Desvendando a Caixa Preta

Confira a coluna OIhares

Por Cristina Damasceno*

16/02/2025 - 4:00 h
Ponte do Brookyn
Ponte do Brookyn -

A magia da câmara escura tem como protagonista a luz, tendo um elo com a ciência e a arte. Sua utilização, como peça-chave para a invenção da fotografia, ampliou o modo que vemos e percebemos o mundo. Partindo de um fenômeno natural conhecido muito antes de Cristo, a camera obscura, assim chamada em latim, já era utilizada na Ásia Oriental, como um ponto de observação para eventos astronômicos.

O filósofo grego Aristóteles descreveu que ao furar um pequeno orifício na parede de um quarto escuro, a paisagem exterior era projetada de maneira invertida na parede oposta do recinto.

Entretanto, só no século 10 que o arabe Ibn Al-Haytham, chamado no ocidente como Alhazen, desenvolveu um dos mais importantes tratados sobre a ótica. Embasado pelo efeito da câmara escura, foi possível explicar particularidades do funcionamento da visão.
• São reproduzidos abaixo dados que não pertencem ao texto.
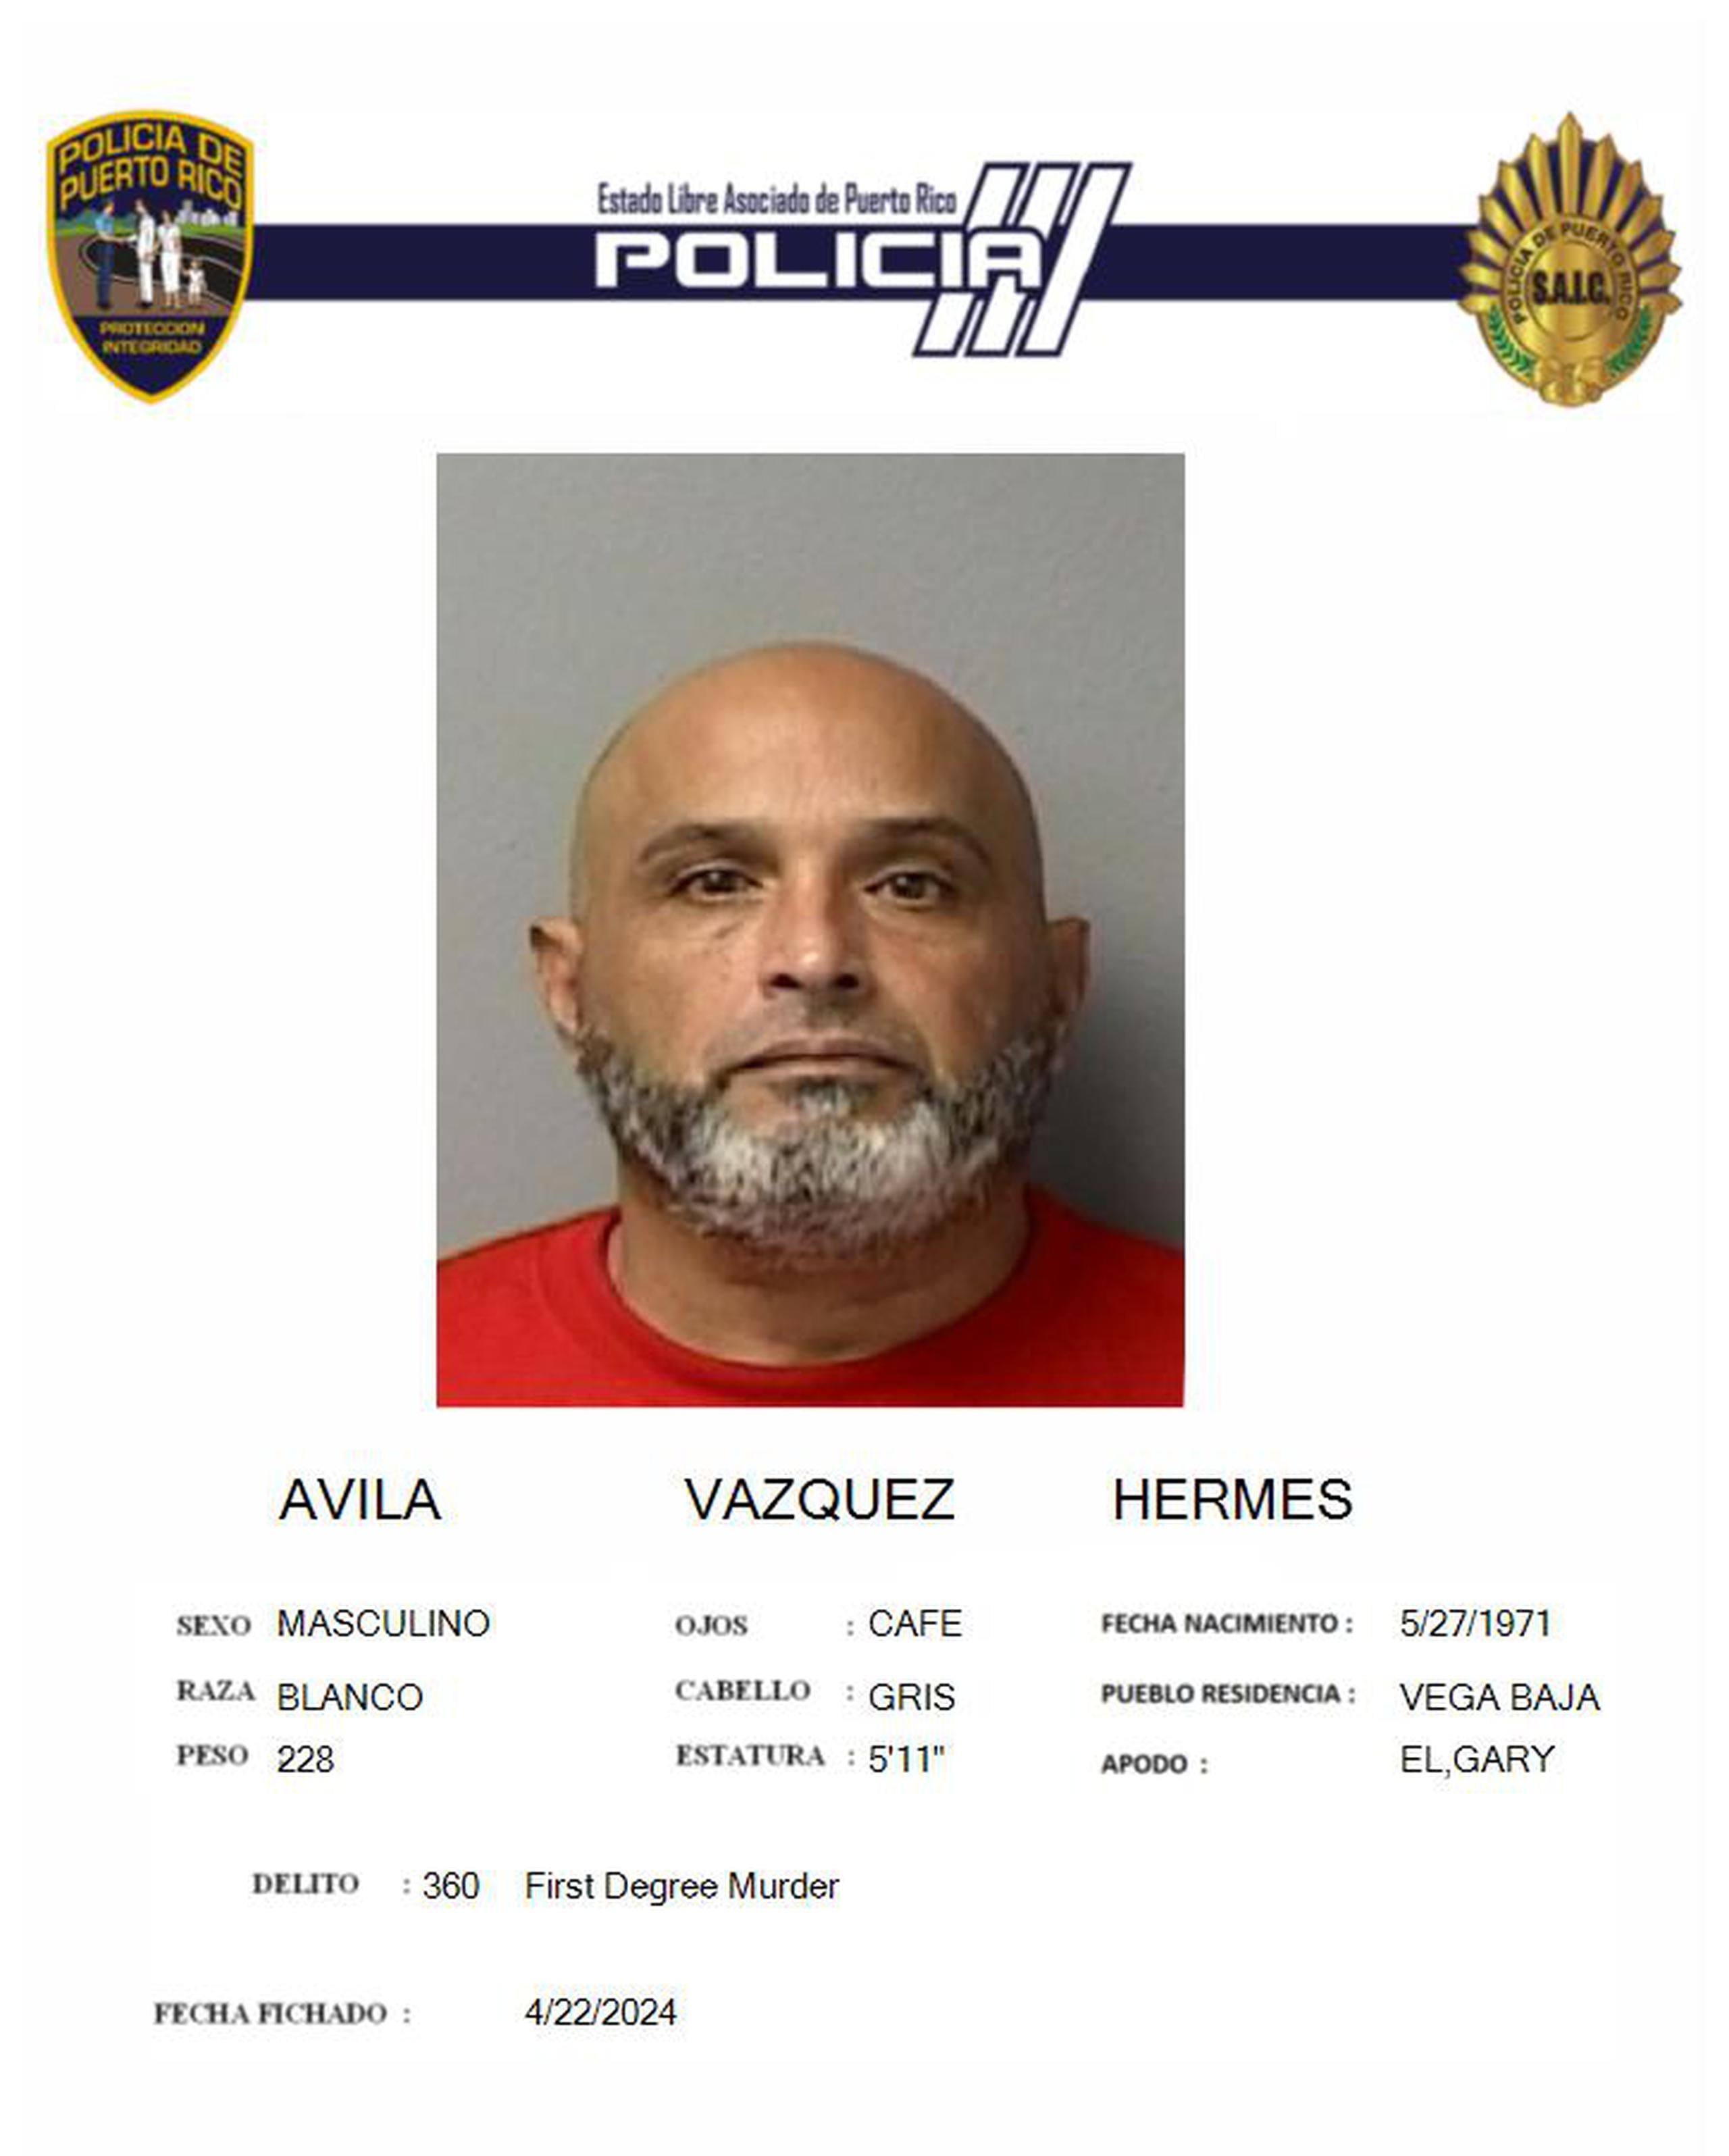 Hermes Ávila Vázquez enfrenta cargos de feminicidio, hurto de un vehículo, destrucción de evidencia y posesión de un arma blanca.

Em seus experimentos e estudos sobre a natureza da luz, ele constatou que a propagação retilínea dos raios luminosos permitia criar uma imagem invertida por meio de um simples furo.

Como instrumento óptico, a estrutura da câmara e do olho têm funções bastante semelhantes. Muitas são as comparações entre o globo ocular e as características de uma câmera escura, a citar: os raios luminosos que entram pela pupila atravessam a lente e, ao chegar à retina, paredes do olho, uma imagem de cabeça para baixo é projetada.

No Renascimento, artistas substituíram o quarto escuro por uma tenda e o furo por uma lente de vidro, dispondo do efeito da projeção em um dos lados da câmara para elaboração da perspectiva de seus desenhos e pinturas. Posteriormente, a câmera escura foi reduzida a uma caixa portátil com as paredes internas escuras e um melhor sistema óptico.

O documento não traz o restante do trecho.